叶绍英蹲在灶台前炒黄豆,炒得满屋子香,“这玩意儿扛饿,比饼干顶用”。
林雨潇看着眼前的人,喉咙里像堵了棉花,半天只说出一句“谢谢”,却觉得这两个字轻得像羽毛。
列车员的报站声把他从回忆里拉了回来——“北京站到了,请旅客们携带好随身物品下车。”
林雨潇猛地站起身,帆布包往肩上一扛,跟着人流往车门走。脚刚踏上站台,冷风就裹着熟悉的京味儿扑面而来,他深吸一口气,鼻子却有点发酸。三年了,他终于回来了。

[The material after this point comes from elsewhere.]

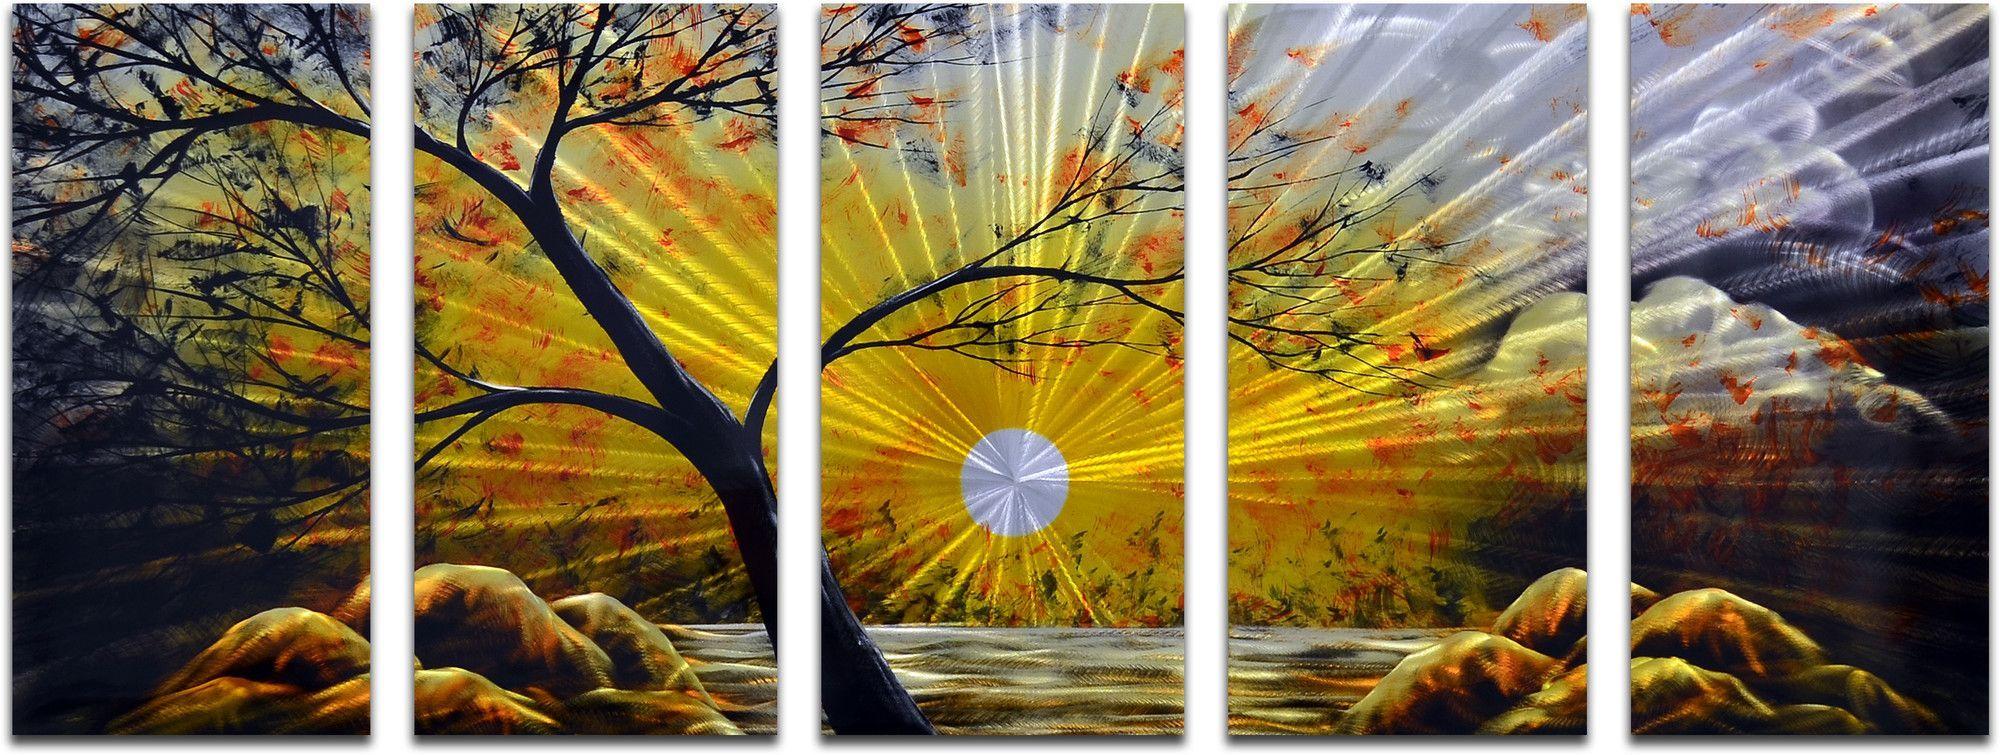 5 Piece Mother Natures Finest Wall Décor Set | Products | Pinterest ...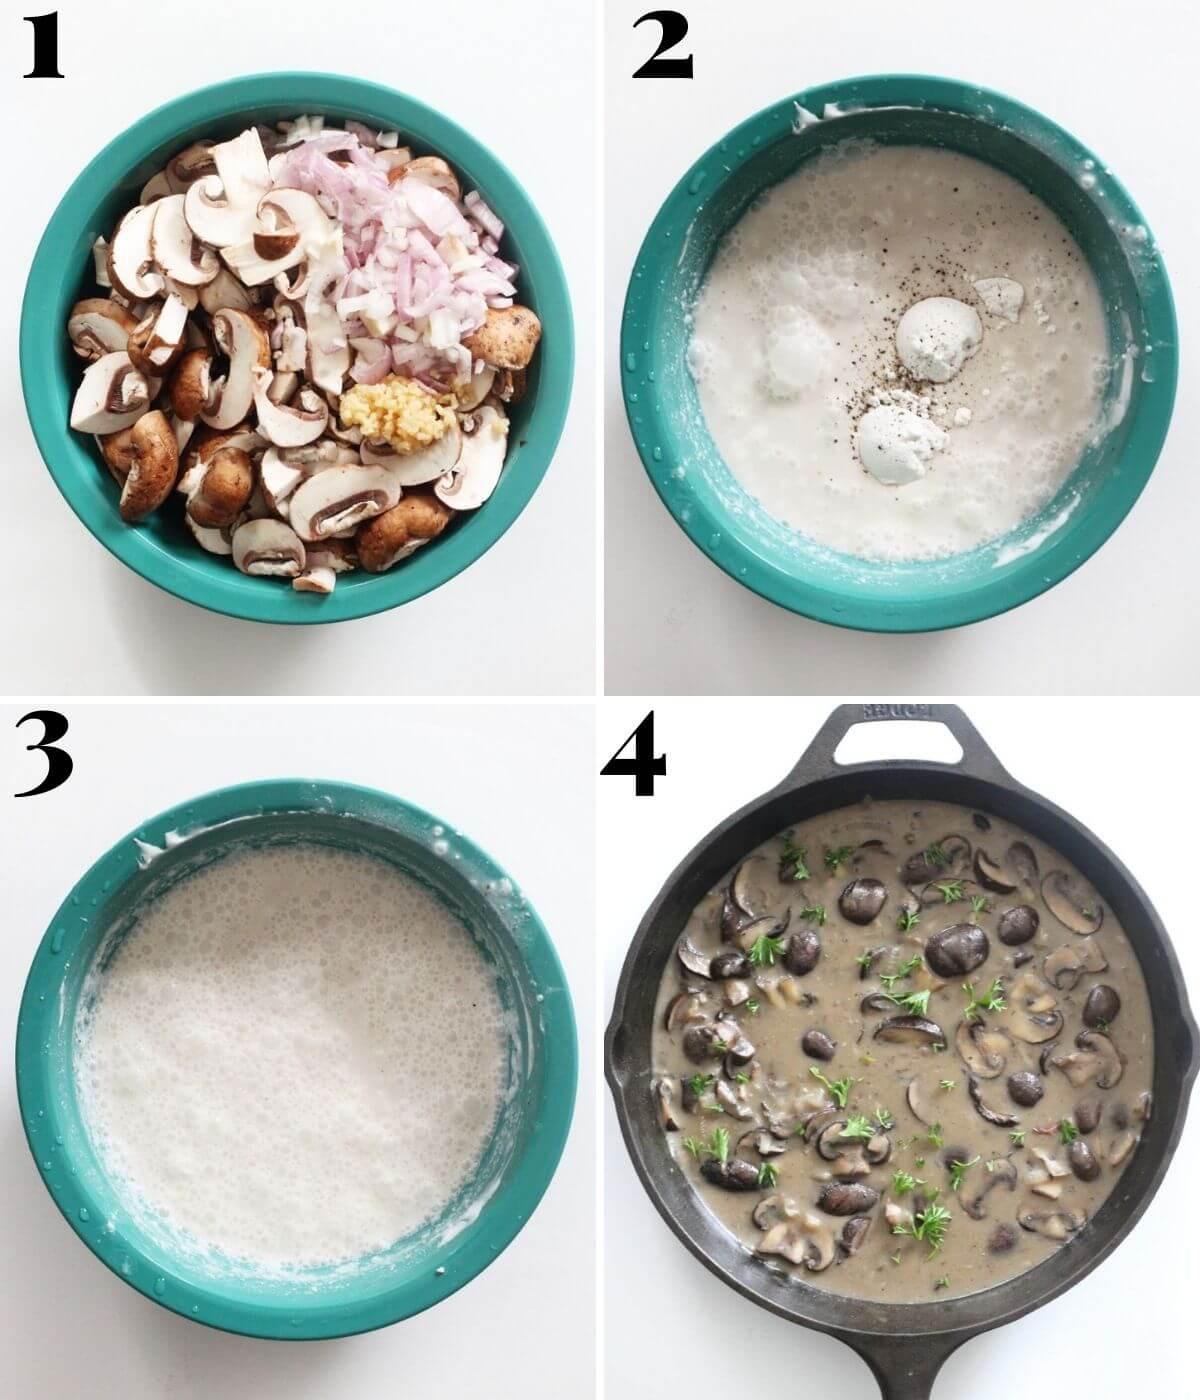 step-by-step process for making vegan mushroom stroganoff

他顺着人流往出站口走,眼睛不停地在人群里扫——他记得父亲的样子,高大挺拔,总爱穿一件灰色的中山装;母亲则是中等个子,头发总梳得整整齐齐,笑起来眼睛会弯成月牙。可越往前走,他心里越慌,怕自己认不出他们,也怕他们认不出自己。
“雨潇!雨潇!”
熟悉的声音从前方传来,林雨潇猛地抬头,就看见不远处站着一对男女——男人穿着灰色中山装,肩膀比记忆里矮了些,头发也白了大半,脸上的皱纹深了不少;女人穿着藏蓝色的棉袄,头发里也掺了银丝,手里还拎着一个布包,正踮着脚往这边看。是爸妈!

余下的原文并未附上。